Glens are especially good for fog because, after the sun has set, cold air sinks downwards off the hills. In the mornings this can result in thick valley fog that laps up at the ridges and summits themselves. On calm mornings it is only the warming from the sun that can dissipate it, so in sun-kissed lowland areas the fog can clear quite quickly, but in deep, narrow glens where the sun doesn’t reach, it can persist all day. As solar energy is key in ‘burning off’ a surface inversion, it’s a phenomenon that is more common in the colder months.

Anticyclonic murk

The most spectacular and persistent cloud inversions are those that are caused by high pressure systems, or anticyclones, sitting over the UK – called ‘subsidence inversions’.

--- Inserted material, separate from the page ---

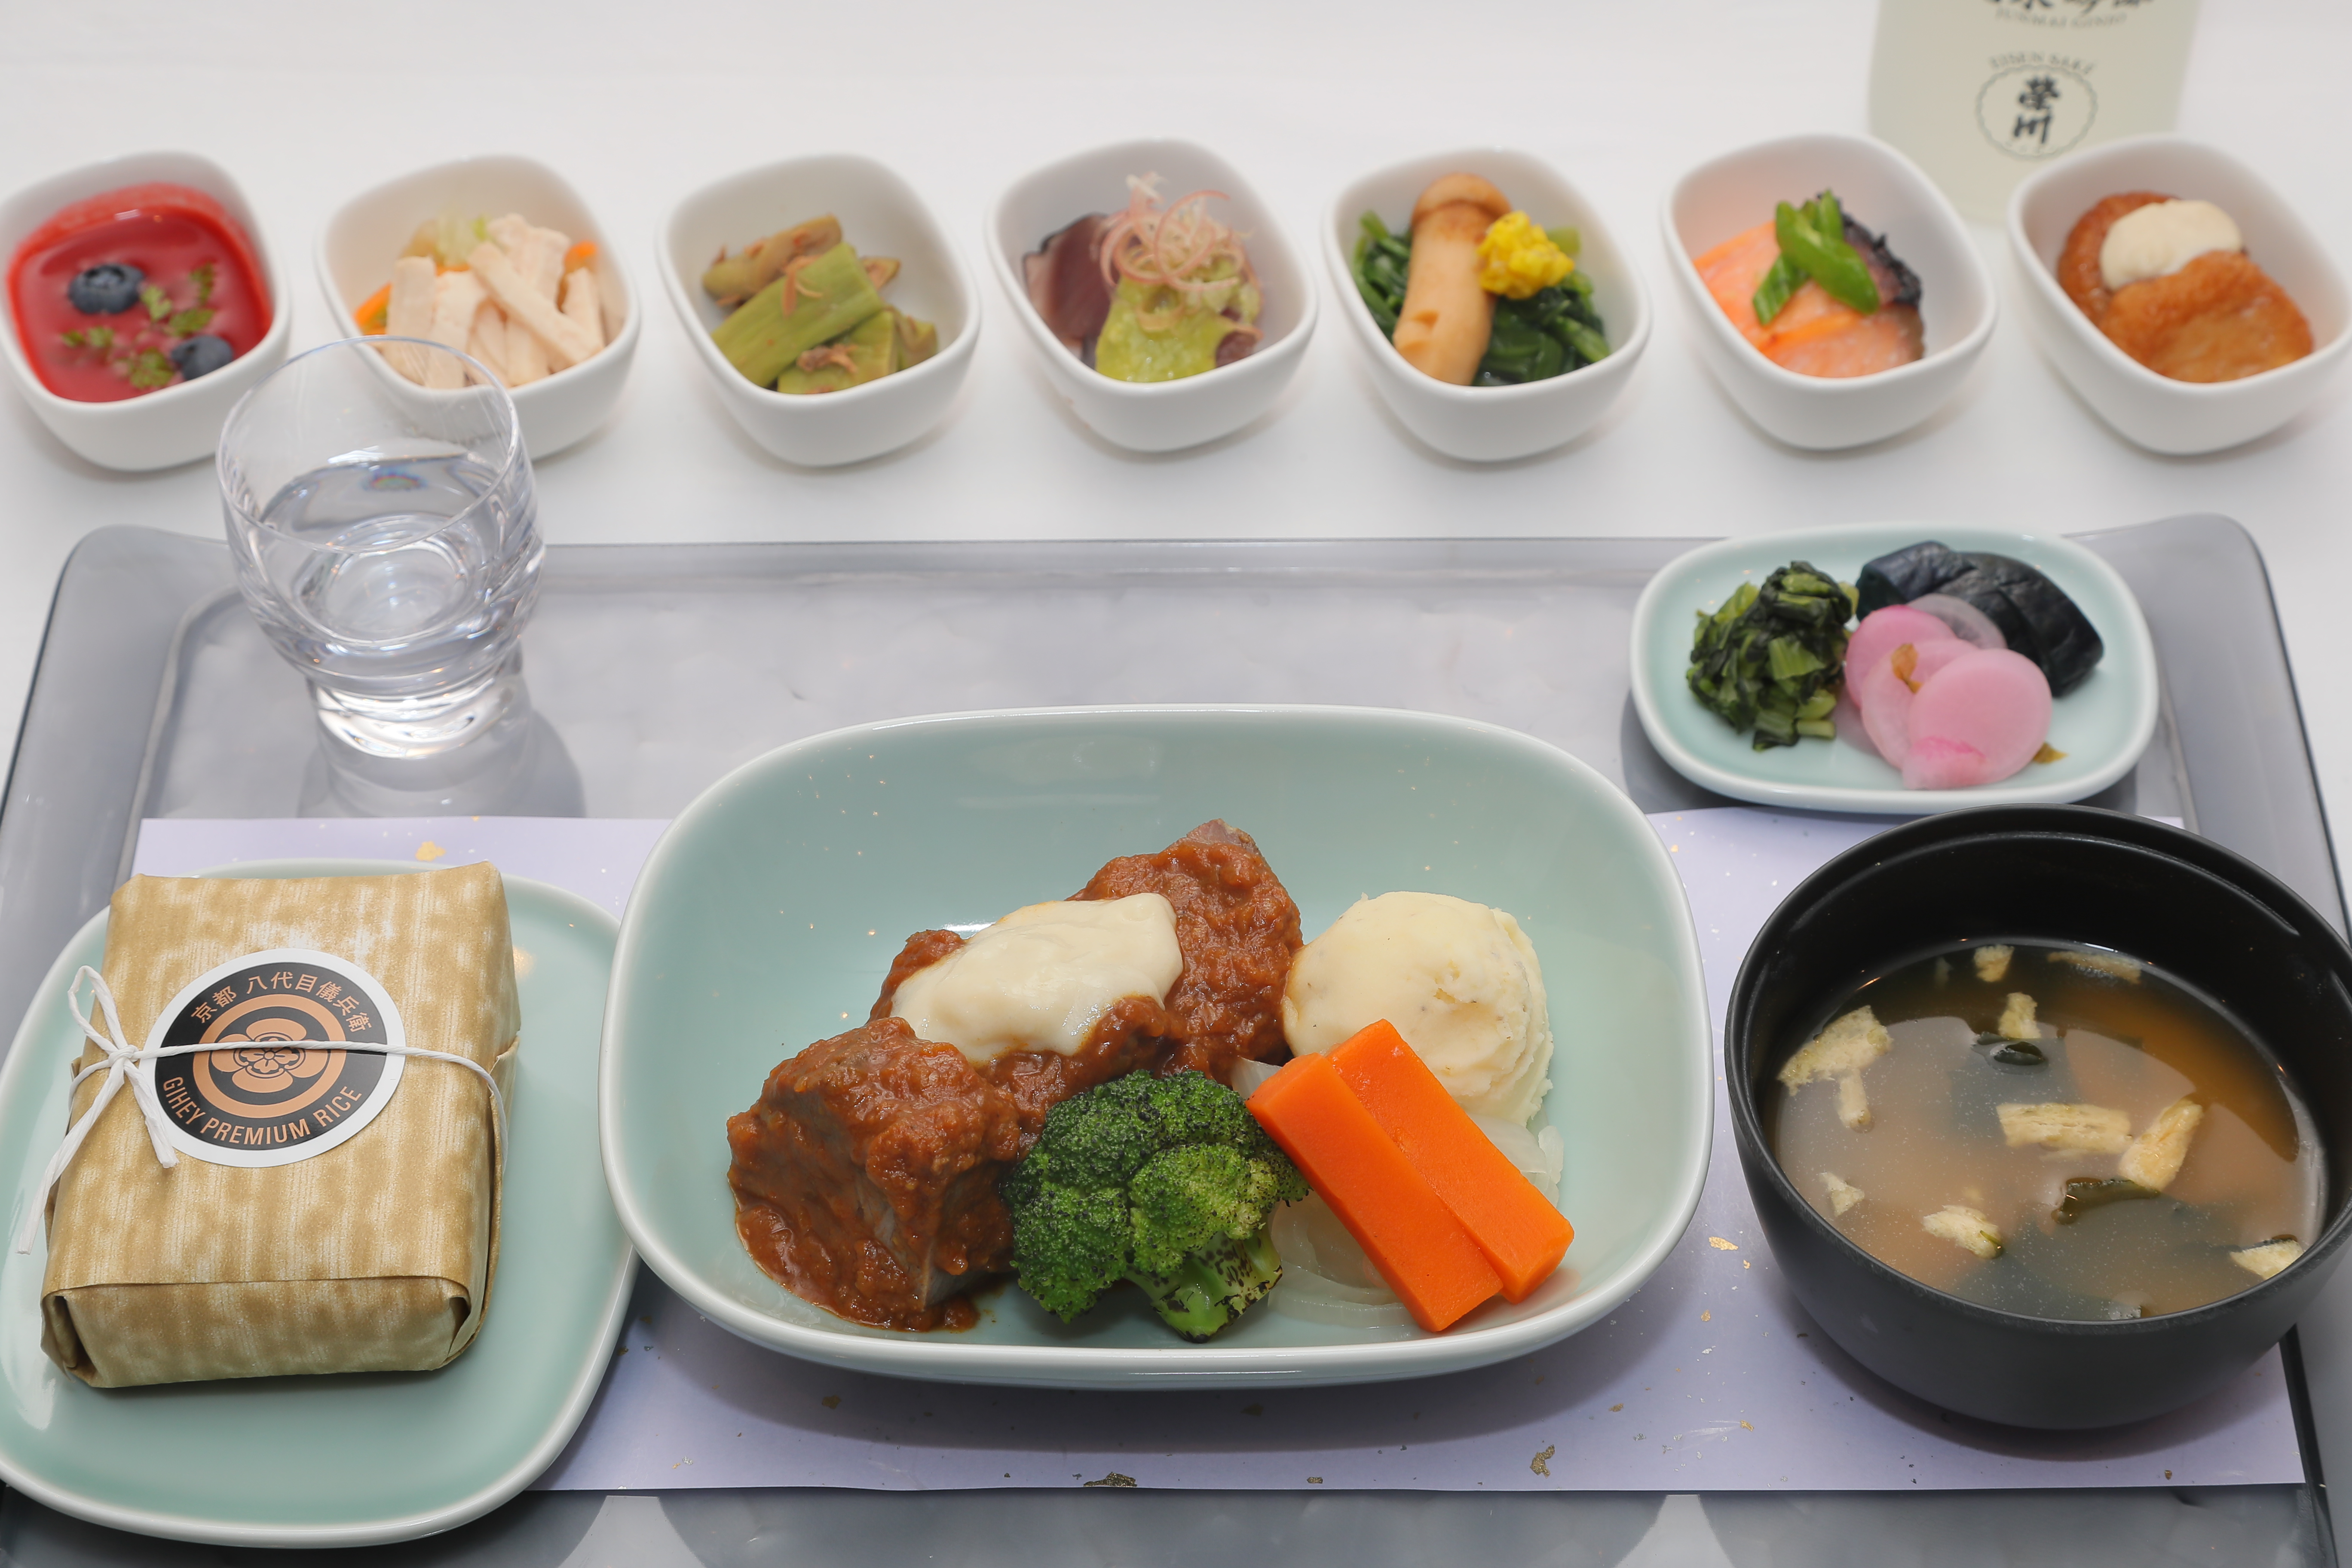 デルタ航空 ビジネスクラス機内食に 京の米老舗 八代目儀兵衛 の最高級ブレンド米を採用 デルタ航空のプレスリリース

In an anticyclone, the vast dome of air aloft sinks and becomes compressed, and as it does so it warms. This can trap cooler air at the ground, and in the still conditions you get during high pressure, the two bodies of air remain undisturbed and therefore don’t mix.

If the dividing line between the warm and cold air occurs at a very low altitude, the ‘inversion layer’ can result in the same appearance as valley fog. But in my experience it tends to be around 1km in altitude and therefore results in a dull murky haze at low levels, with a band of cloud higher up above the glens themselves, usually affording only the highest munros a cloud-free view. These inversions also tend to create astonishing differences in temperature between glen and summit.

They are much more long-lived than fog-producing surface inversions, which are typically broken each morning only to return the next night. If high pressure persists in the winter months and the air is still, the sun isn’t able to warm the cold air below and the inversion can last for days, across both day and night.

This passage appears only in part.